The goal of the profect is to evaluate the impact of our attacks on encrypted data sets produced via Symmetric Searchable Encryption schemes.
With the growing importance of digital data in everyday life, it is necessary to have backups and to have access from anywhere. For these reasons, outsourcing this digital data to a cloud provider is an enticing solution. However, some of this data, such as legal documents, banking and medical, the industrial patents or simply our emails can be sensitive and/or confidential, forcing the user to trust its cloud provider. Client-side symmetric encryption is the classical answer to the problem of data confidentiality. However, encryption prevents any server-side processing of the client data as is the norm on plaintext data. In particular, a server is not able to answer search queries, that is given a keyword, retrieve the documents containing that keyword. Symmetric Searchable Encryption (SSE) schemes introduced in 2000 by Song et al. aim at retaining this search capability on encrypted data. SSE scheme is a protocol between a client and a server. The client owns a sensitive data set but has limited computational power and storage capacity. The server has a large storage space and high processing power, but is not trusted by the client except for executing correctly the search protocol. The set of plaintext documents are stored in a database. An SSE scheme creates metadata that is protected in an encrypted database and then stored by the server. From a keyword and his symmetric secret key the client creates a search token that is sent to the server who finds the encrypted documents matching the query with the help of encrypted database. Such documents are then sent back to the client for decryption.

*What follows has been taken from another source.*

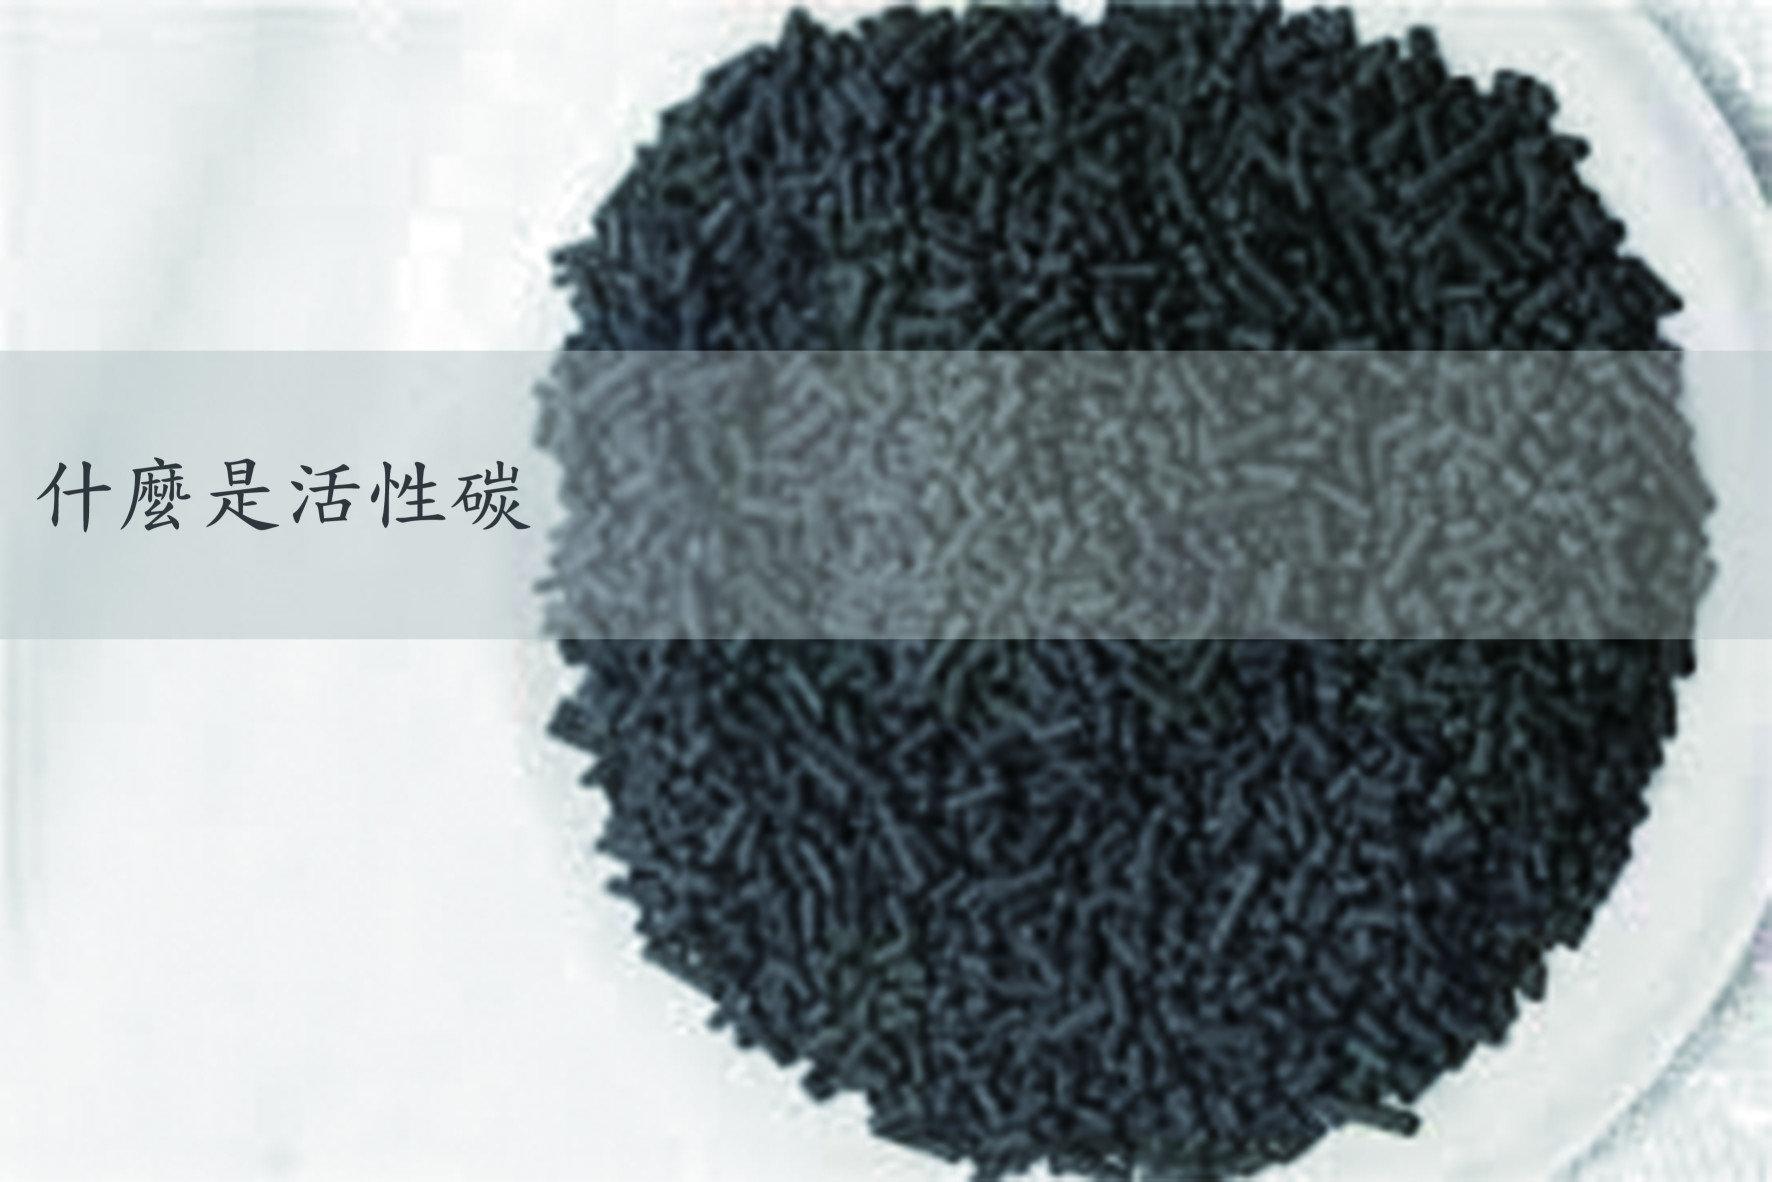 活性碳濾網功能到底為何?此外,「活性碳濾網」也是市面上常見的產品。活性碳由「椰子殼」、「瀝青」等物質高溫乾餾碳化後製成,透過去除其中的非碳成分,形成多孔的碳化物質。

In this project, we run our three different attacks on real-world encrypted data sets to show their devastating effect. The first data set is the email data set from the Enron corporation, built of 490,369 emails. The second and third data sets are mailing lists from the Apache foundation, namely Apache Commons and Apache Lucene composed respectively of 28,997 and 58,884 emails. The last data set is the Project Gutenberg composed of 21,602 copyright free books.
Resources used (RAM CPU etc…)
16 VCPU, 64Gb of ram.
The programming language Python and the NoSQL database SSDB (an alternative to Redis).
Our attacks are devastating and have a real impact on the protected data in the cloud: regardless of the leakage profile, knowing a mere 1% of the document sets translates into over 90% of documents whose content is revealed over 70%. Moreover, having same knowledge from the data set, we show that we recover same rate of keywords whether it is with L4- or with L3-SSE schemes. We show too that the gap of security that exists between L2- and L1-SSE schemes is important since L1 attacks need to know a large amount of information to recover frequent keywords contrary to our L2 attack. Our results give a better understanding of the practical security of SSE schemes and hopefully will help practitioners make more secure SSE schemes.
Practical Passive Leakage-Abuse Attacks on Symmetric Searchable Encryption. Alexandre Anzala-Yamajako, Olivier Bernard, Matthieu Giraud, and Pascal Lafourcade. SECRYPT (International Conference on Security and Cryptography), Madrid, Spain, July 24-26, 2017.